2.5. Data aggregation

# Take the sums of sales on each month to be analyzed
retail_clean <- retail %>% 
                  group_by(month_year_order) %>% 
                  summarise(Total = sum(Sales)) %>% 
                  select(month_year_order, Total)
range(retail_clean$month_year_order)

## [1] "2001-01-01" "2012-12-01"

# Check and pad the clean data if necessary
retail_clean %>% 
  padr::pad() %>% 
  is.na() %>% 
  colSums()

## pad applied on the interval: month

## month_year_order            Total 
##                0                0

3.Exploratory Data Analysis

# Make a TS object 
retail_ts <- ts(retail_clean$Total, start = c(2001,1,1), frequency = 12)
autoplot(retail_ts, series = "Actual Sales")

# Decompose
retail_dec <- decompose(retail_ts, type = "additive")
autoplot(retail_dec)

The data here is seasonal
There is an upward trend
From the trend, there seems to be minimal ups and downs pattern which indicates that there is no multiseasonal tiem series object.

4.Cross Validation

retail_test <- tail(retail_ts, 12)
retail_train <- head(retail_ts, 132)

5.Forecast Model Building

5.1. SARIMA

Before building the model, we have to check if the data is stationery or random

# Check if the data is stationary
retail_train %>% 
  adf.test()

## 
##  Augmented Dickey-Fuller Test
## 
## data:  .
## Dickey-Fuller = -3.4109, Lag order = 5, p-value = 0.05583
## alternative hypothesis: stationary

The data is slightly random since the p-value is slightly bigger than alpha (0.05), thus we have to do differencing

retail_train %>% 
  diff() %>% 
  adf.test()

## Warning in adf.test(.): p-value smaller than printed p-value

## 
##  Augmented Dickey-Fuller Test
## 
## data:  .
## Dickey-Fuller = -8.0822, Lag order = 5, p-value = 0.01
## alternative hypothesis: stationary

the p-value is already smalller than alpha, thus it is no longer random

# Check for differentation values
retail_train %>% 
  diff() %>% 
  tsdisplay()

model_sarima <- auto.arima(y = retail_train, seasonal = T)
autoplot(model_sarima$fitted, series = "Sarima") +
  autolayer(retail_train, series = "Actual")

# Check for AIC values
model_sarima$aic

## [1] 2553.371

5.2. Holtz-Winter

model_holtz <- HoltWinters(x = retail_train, alpha = 0.9, beta = 0.1, gamma = F)
autoplot(model_holtz$fitted[,1], series = "hw") +
  autolayer(retail_train, series = "Actual")

6.Model Evaluation

model_hw_forecast <- forecast(model_holtz, h = 12)
model_sarima_forecast <- forecast(model_sarima, h = 12)

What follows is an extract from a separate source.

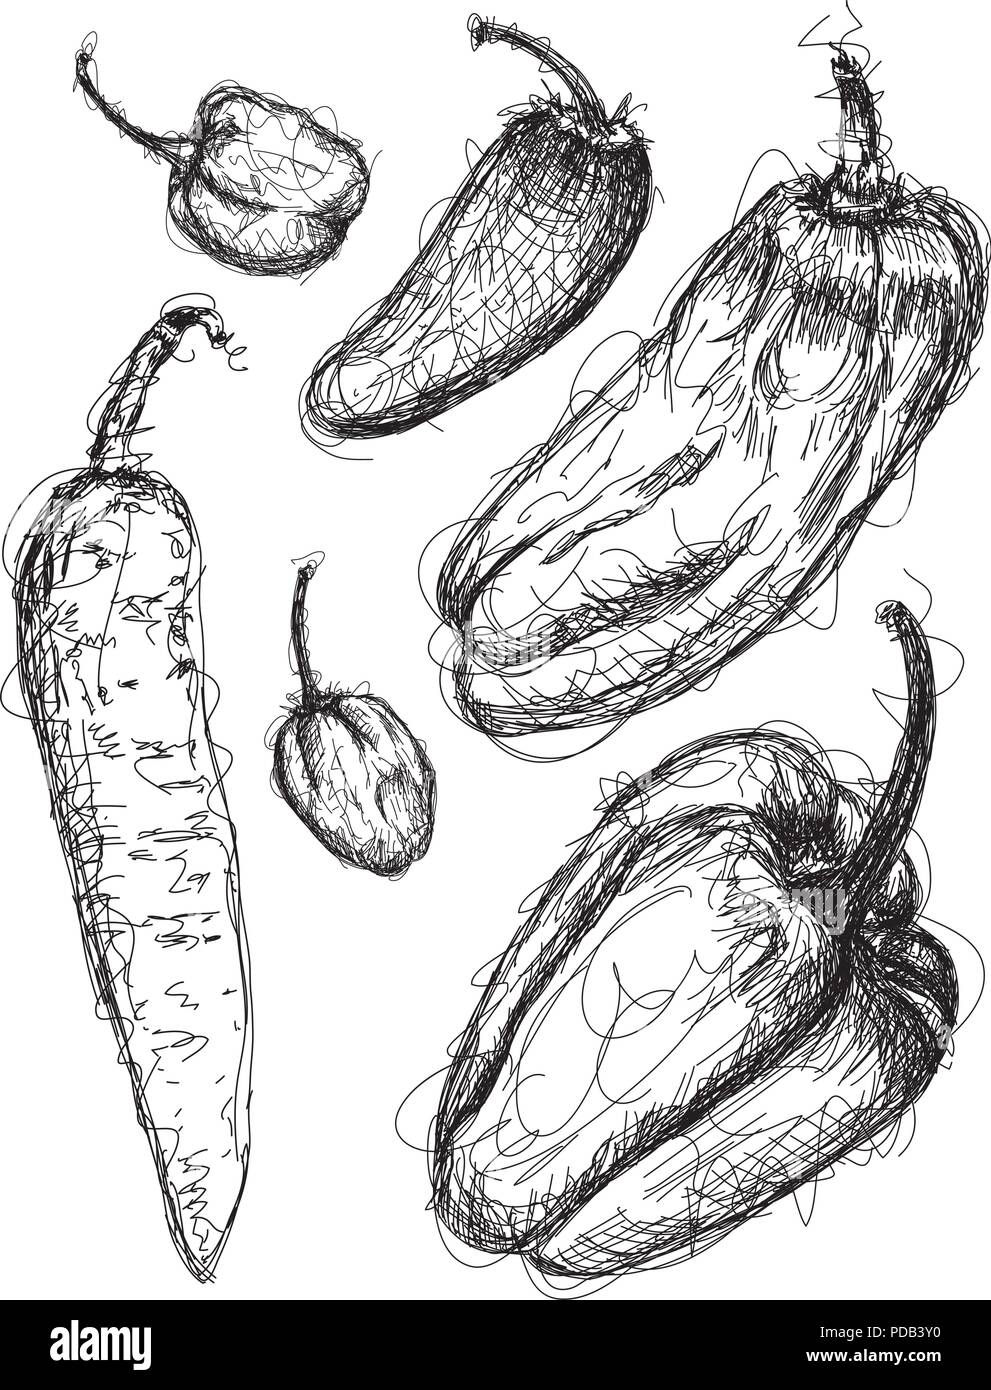 Chili pepper sketches Stock Vector

#Plot the result of forecasting
retail_train %>% 
  autoplot() +
  autolayer(model_sarima_forecast, series = "SARIMA Forecast") +
  autolayer(retail_test, series = "data test")

retail_train %>% 
  autoplot() +
  autolayer(model_hw_forecast$mean, series = "HW Forecast") +
  autolayer(retail_test, series = "data test")

From here we can see that the SARIMA Forecasting result is better than the HW forecast # 7.Assumption Check ## 7.1. Normality For this check, we need to see if the residuals are normally distributed
H0: residuals are normally distributed
H1: residuals are not normally distributed

# Saphiro test
shapiro.test(model_sarima_forecast$residuals)

## 
##  Shapiro-Wilk normality test
## 
## data:  model_sarima_forecast$residuals
## W = 0.88825, p-value = 1.596e-08

hist(model_sarima_forecast$residuals, breaks = 20)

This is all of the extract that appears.